■ INSTRUCTIONS FOR THE TASK ■
All of the data goes into your copy exactly as written. Images do not.

■ GIVEN DATA ■
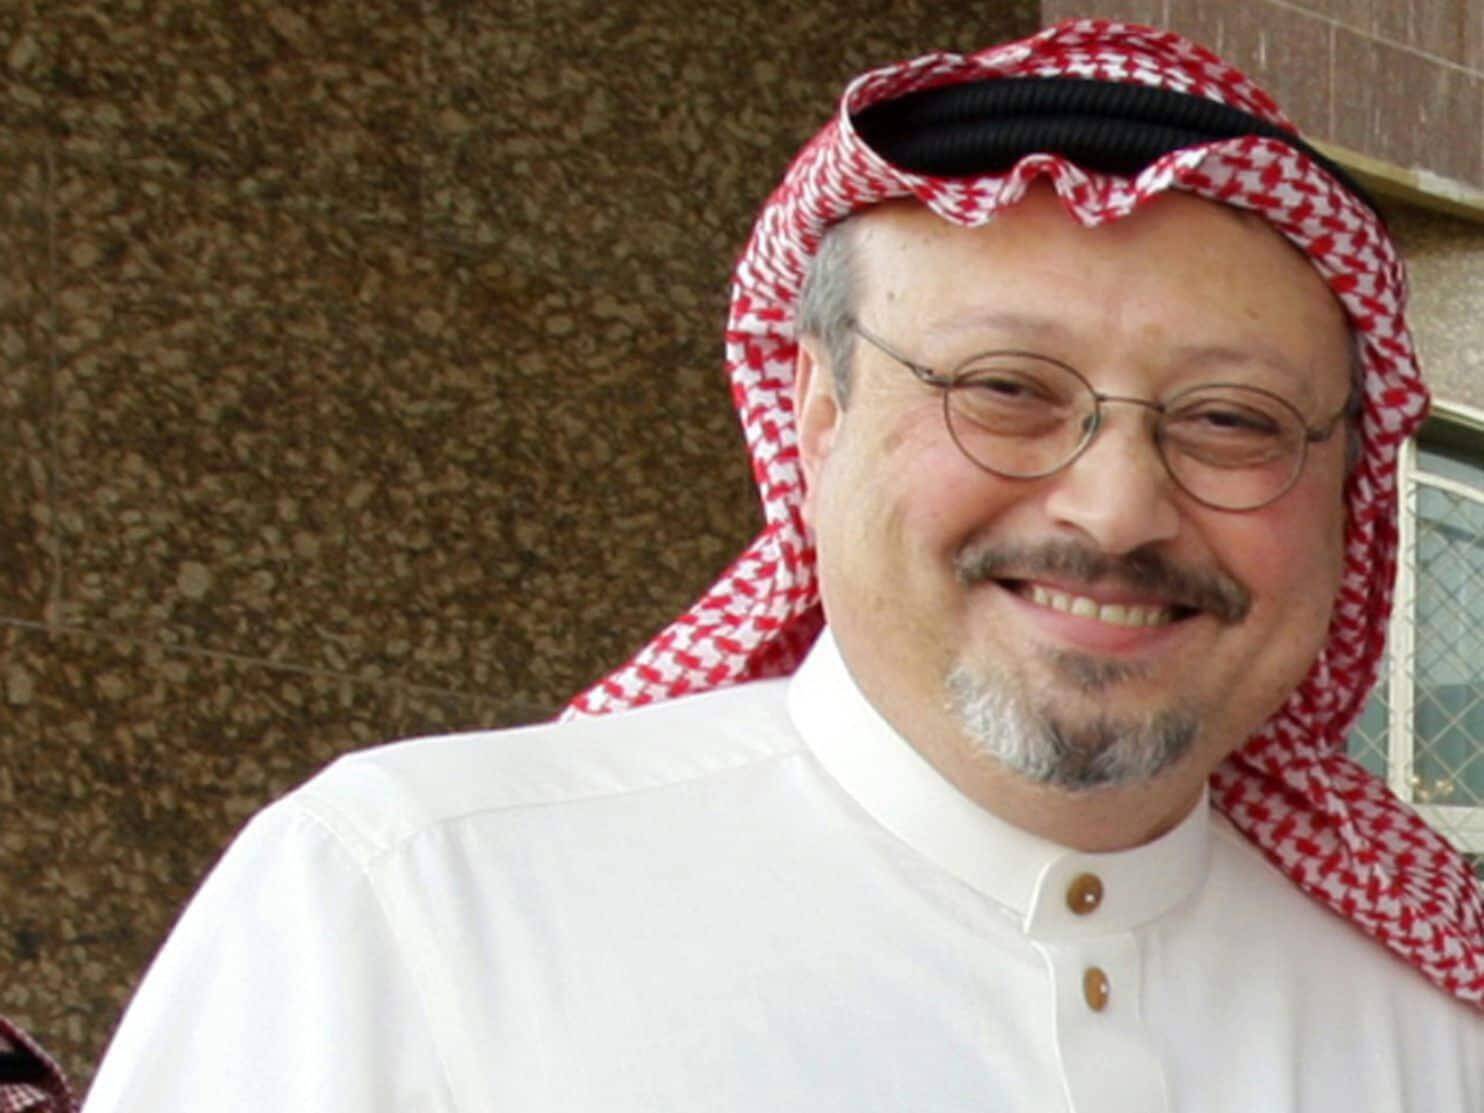 ΗΠΑ: Ο πρίγκιπας διάδοχος της Σαουδικής Αραβίας έδωσε την εντολή για τη δολοφονία Κασόγκι
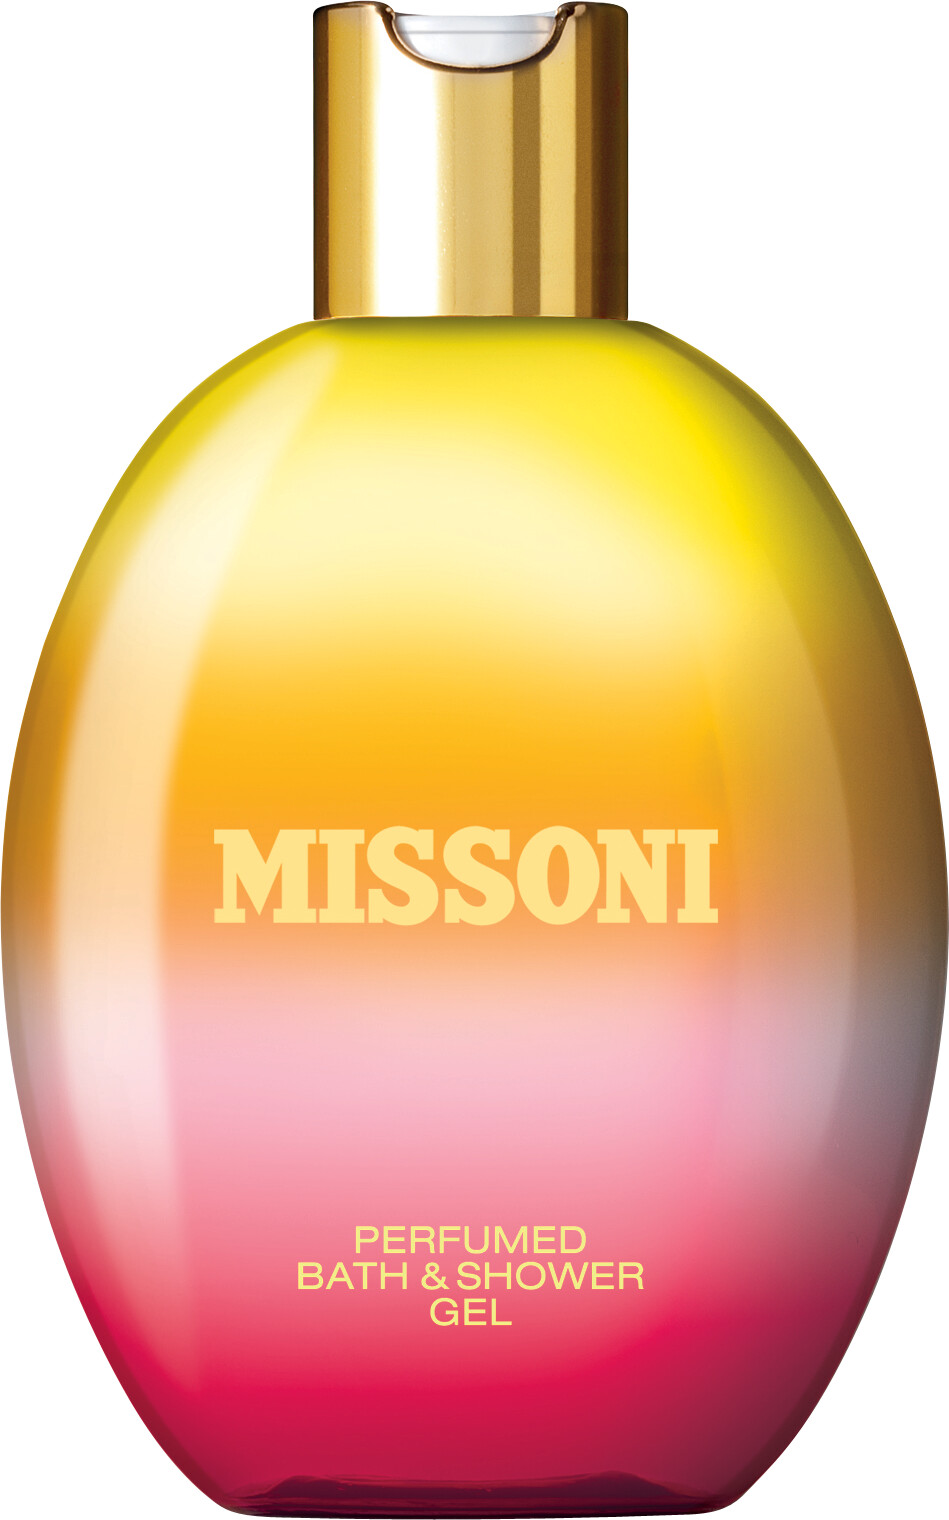 Missoni Perfumed Bath & Shower Gel 250ml
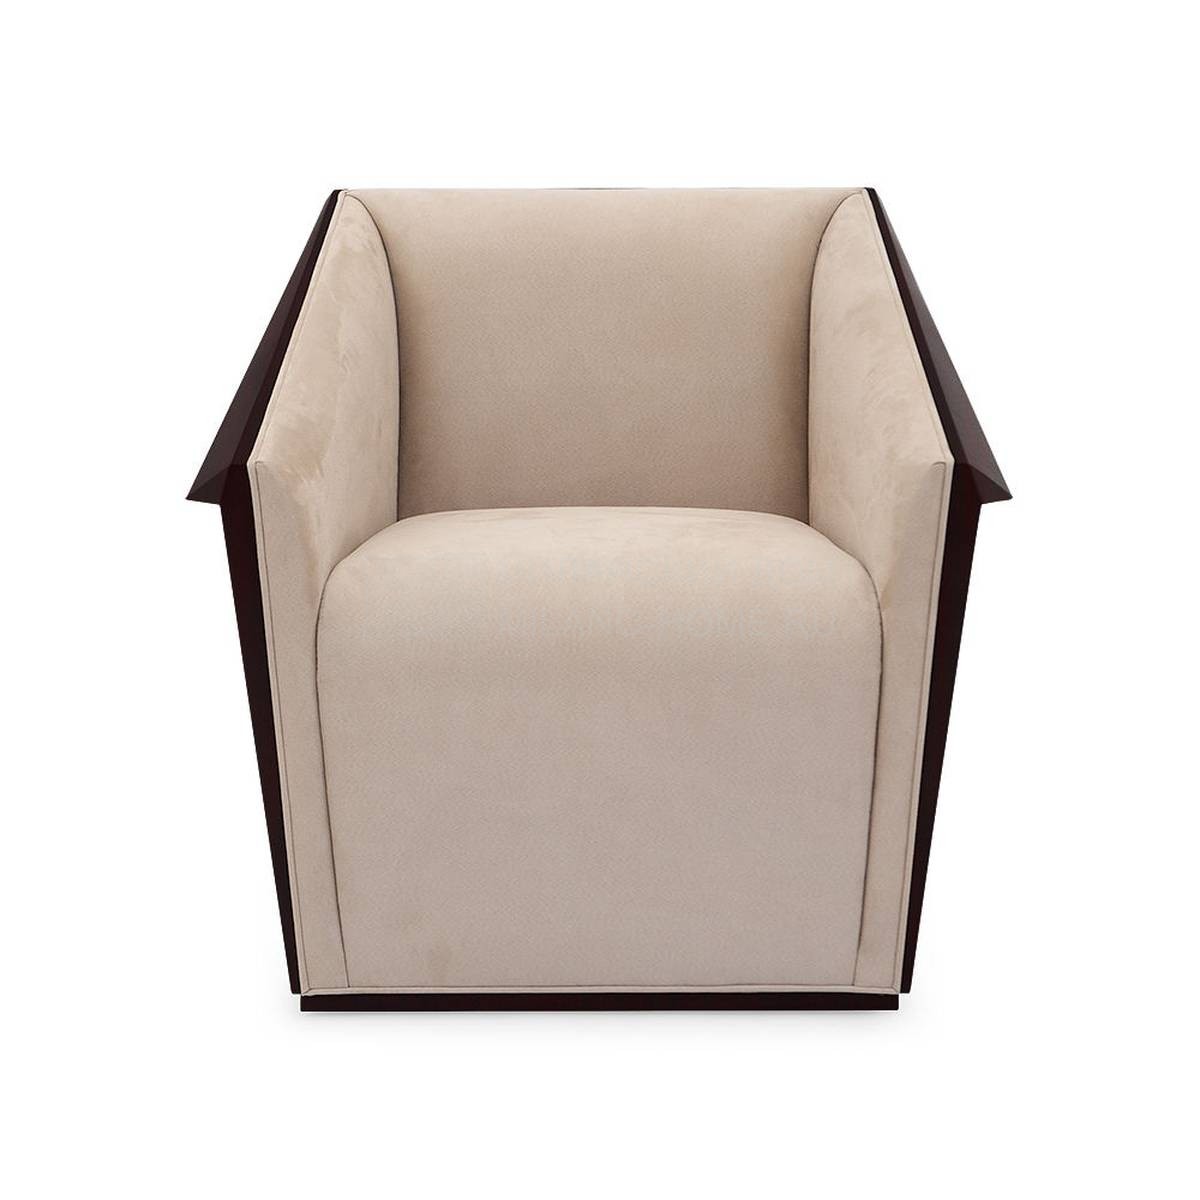 Кресло Emile armchair из США фабрики CHRISTOPHER GUY

■ RESPONSE TO THE TASK ■
 ΗΠΑ: Ο πρίγκιπας διάδοχος της Σαουδικής Αραβίας έδωσε την εντολή για τη δολοφονία Κασόγκι
 Missoni Perfumed Bath & Shower Gel 250ml
 Кресло Emile armchair из США фабрики CHRISTOPHER GUY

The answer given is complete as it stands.